PROBLEM REQUIREMENTS
Below are the records; repeat exactly their lines between the line holding "Rare Sambonet Silverplated" and the line holding "Fendi Selleria Peekaboo", inclusive, skipping the pictures.

RECORDS TO USE
-- Opening Marker --

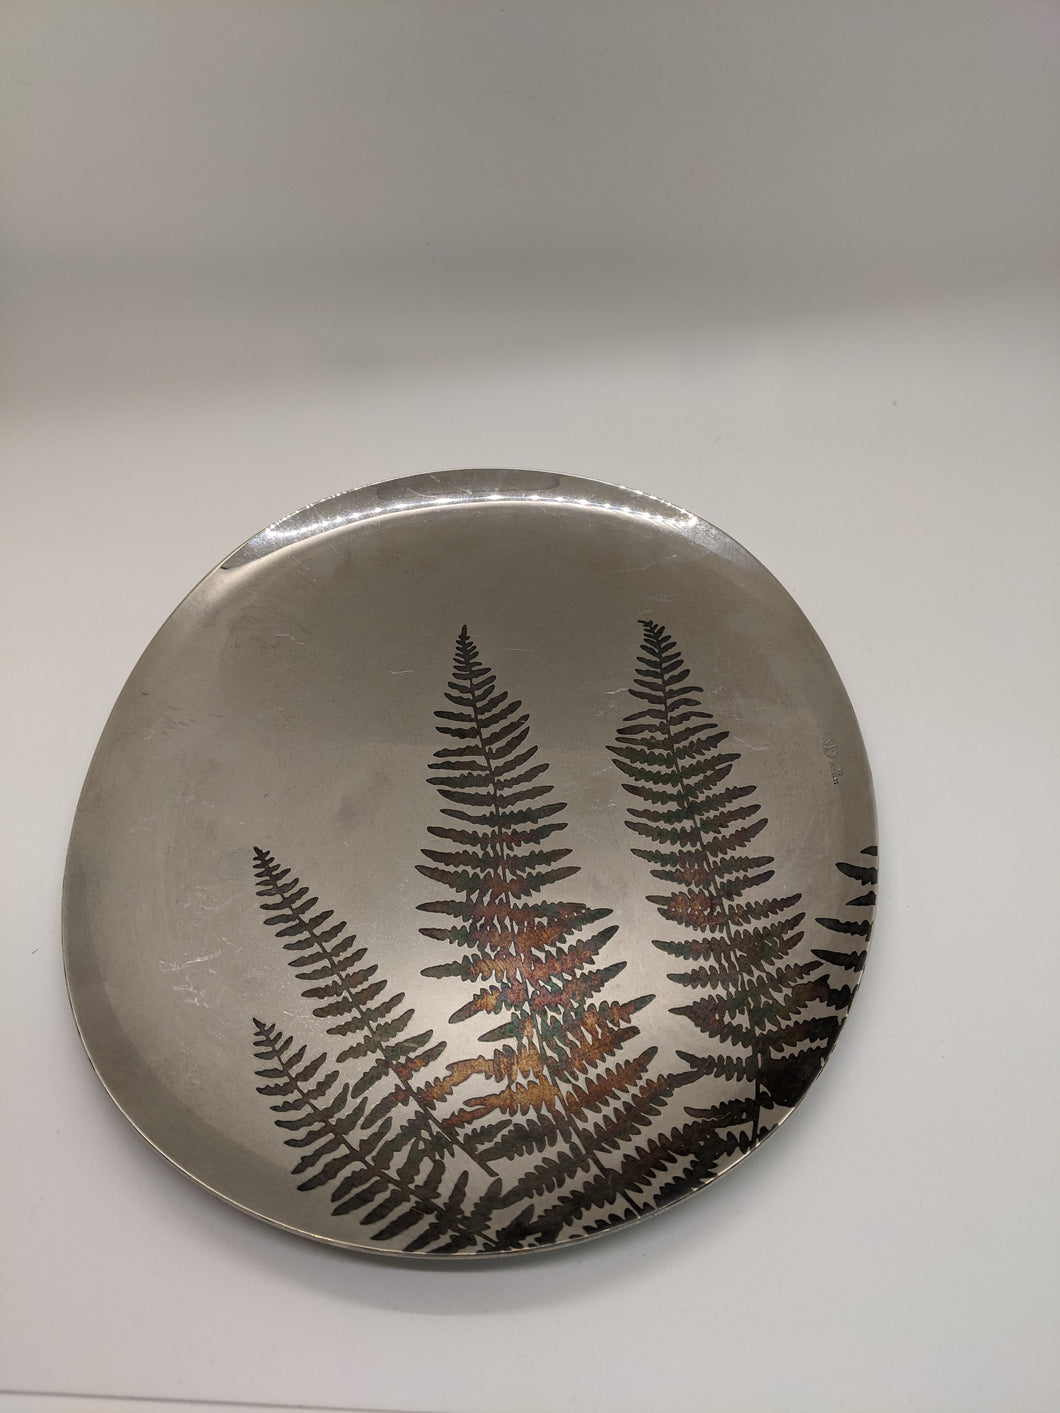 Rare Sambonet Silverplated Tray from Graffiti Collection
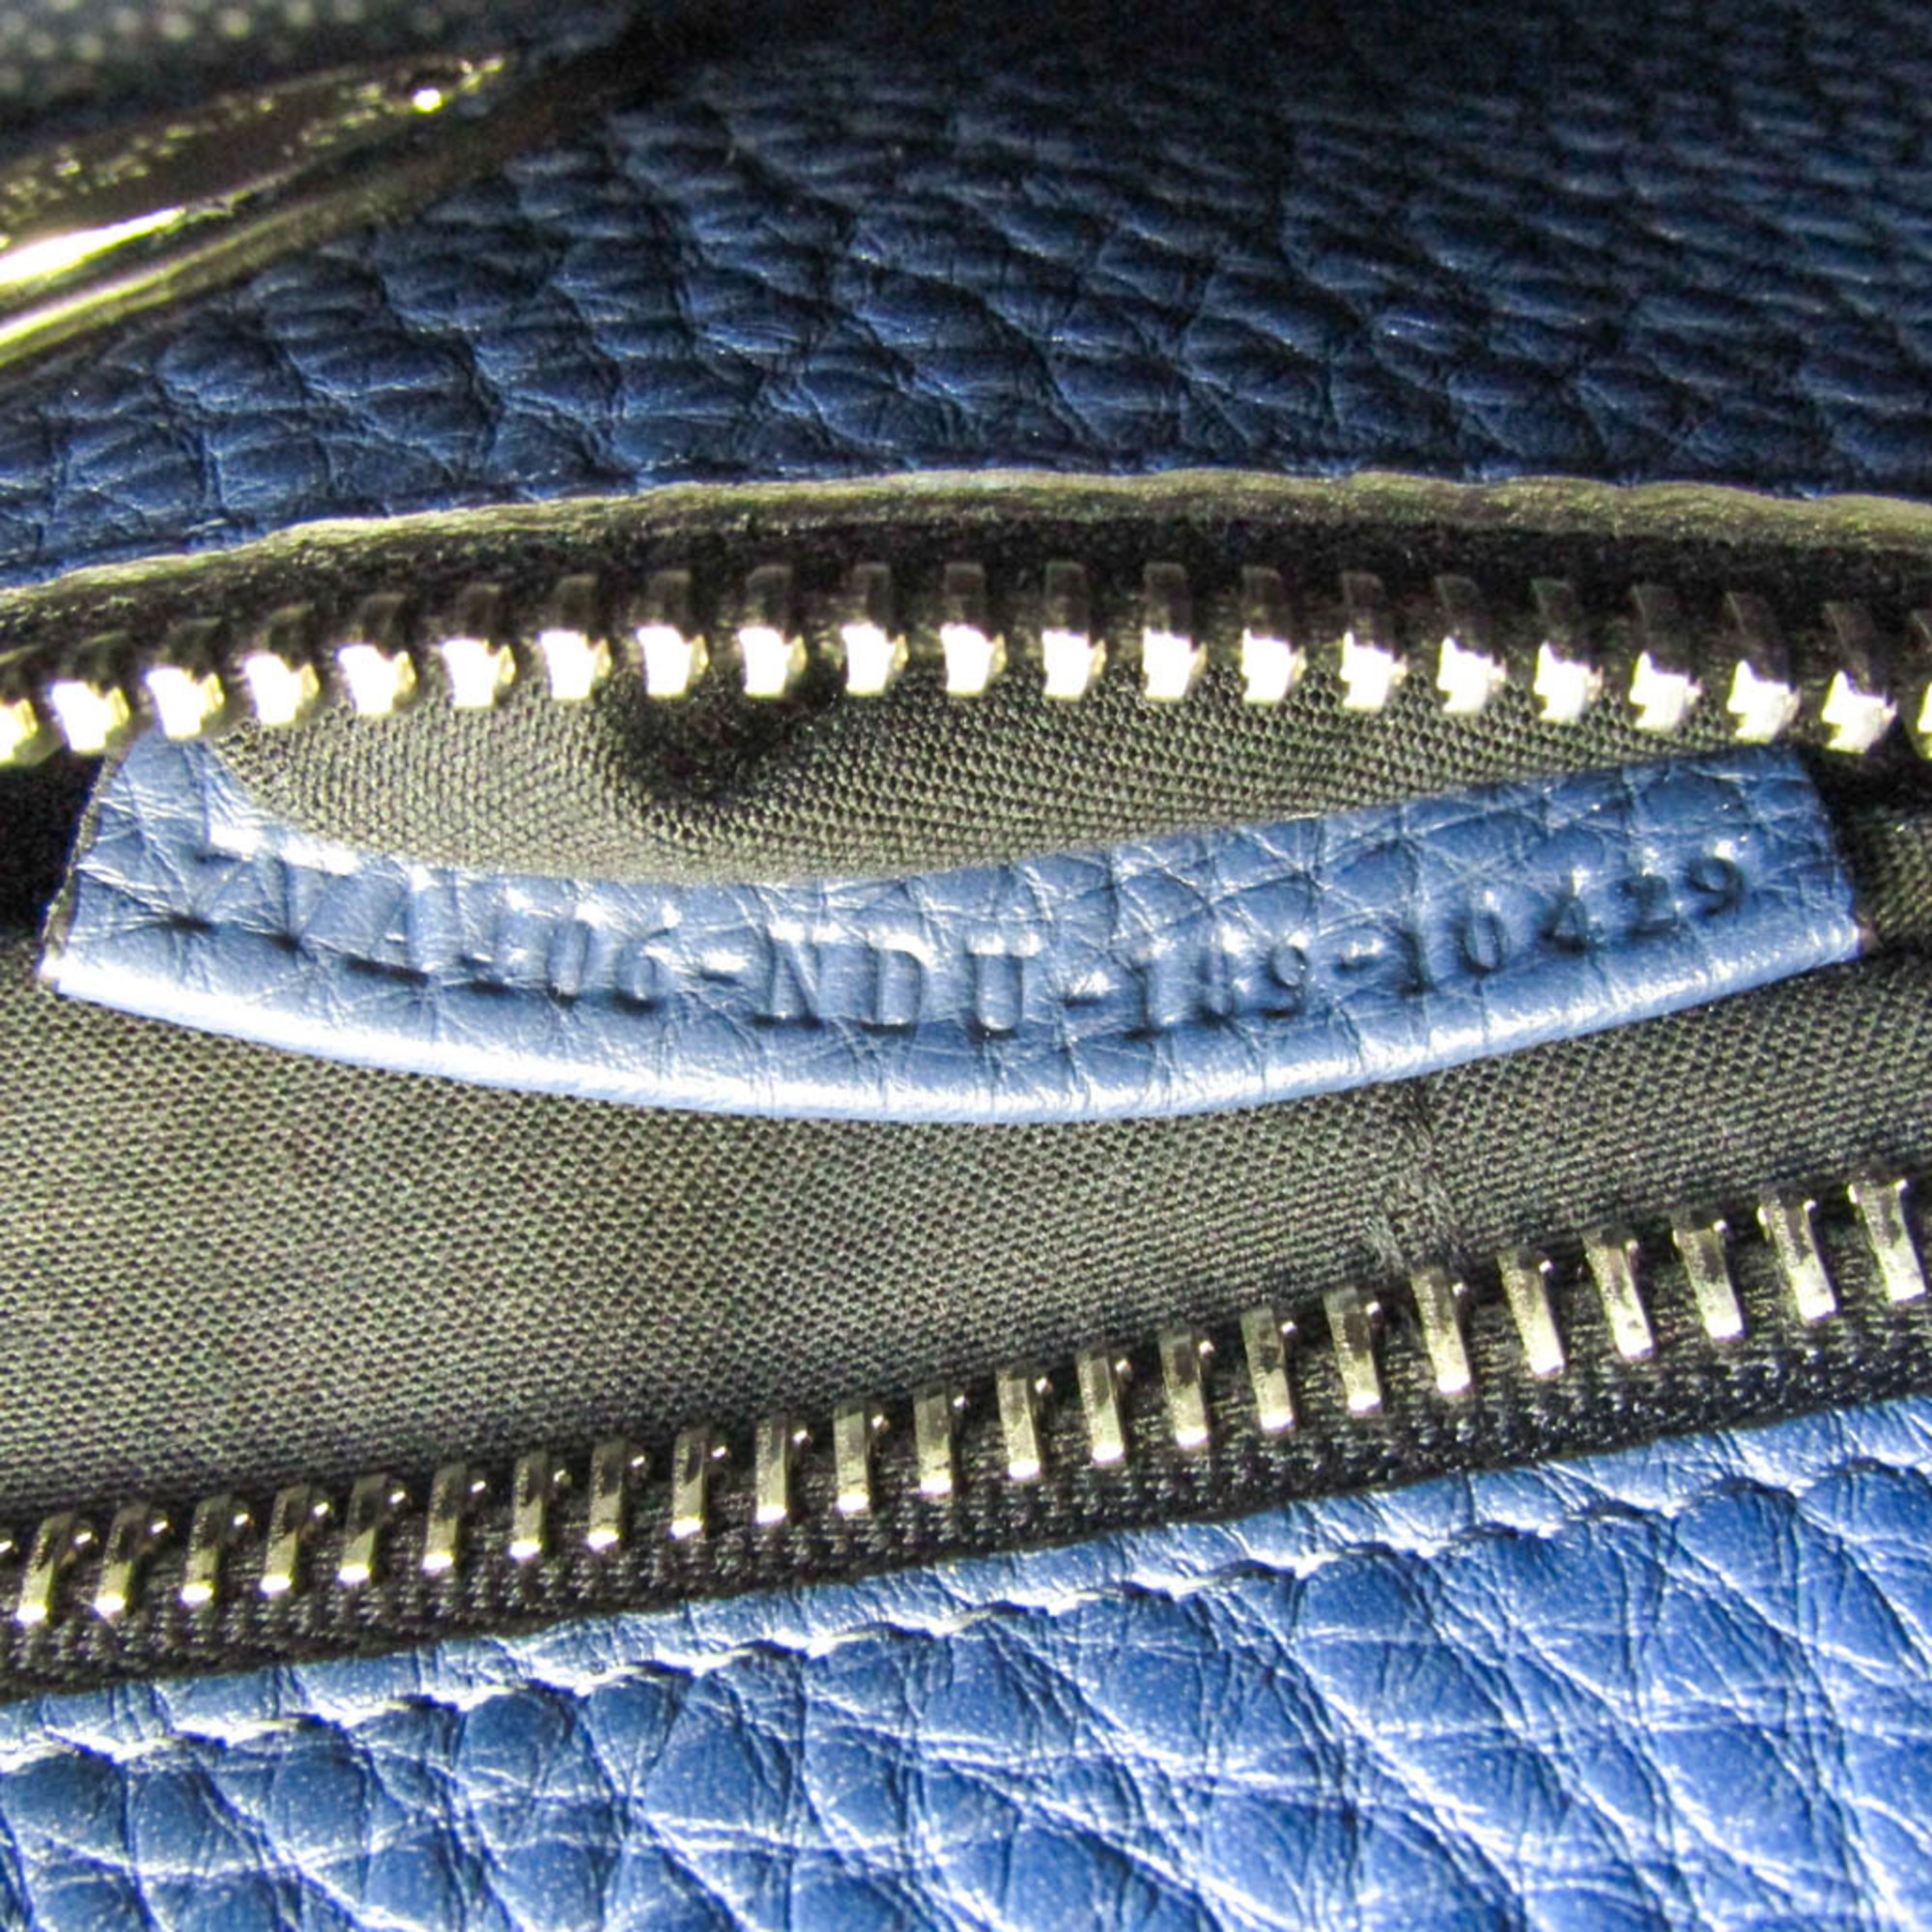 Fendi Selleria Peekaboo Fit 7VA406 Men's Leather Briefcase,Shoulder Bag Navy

-- Closing Marker --
-- Opening Marker --

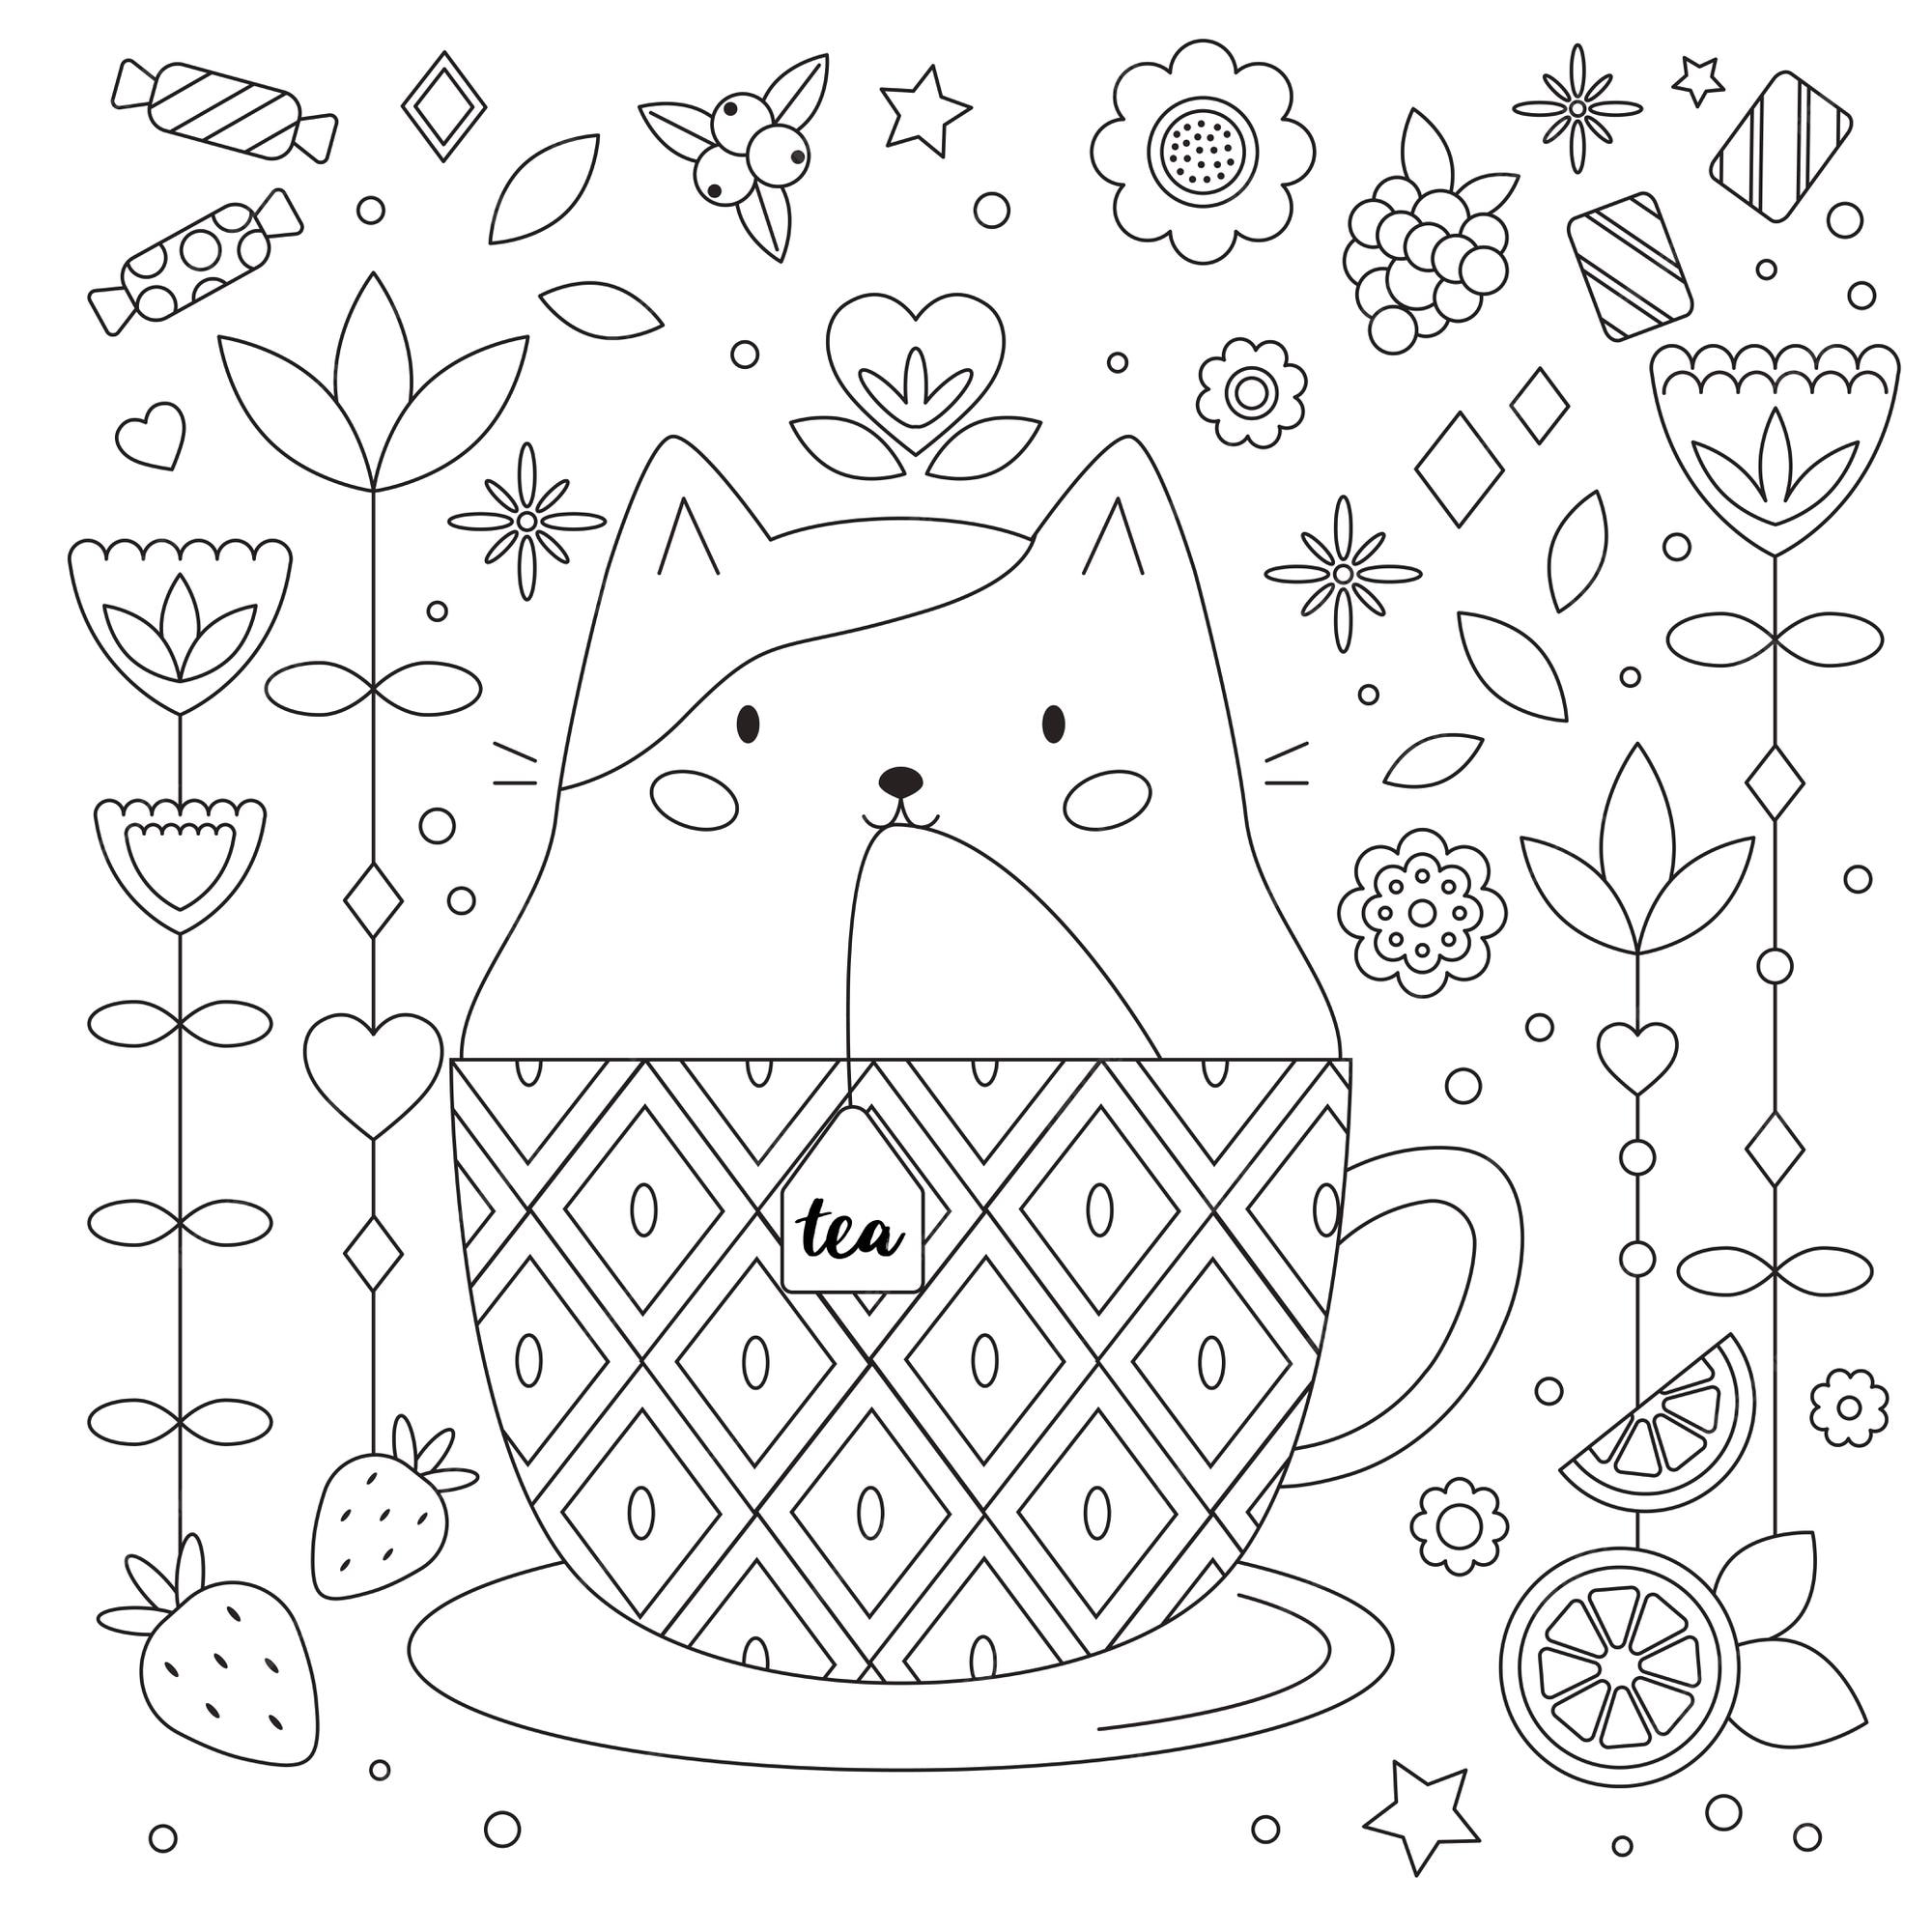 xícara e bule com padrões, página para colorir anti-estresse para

-- Closing Marker --

RESPONSE TO THE EXERCISE
 Rare Sambonet Silverplated Tray from Graffiti Collection
 Fendi Selleria Peekaboo Fit 7VA406 Men's Leather Briefcase,Shoulder Bag Navy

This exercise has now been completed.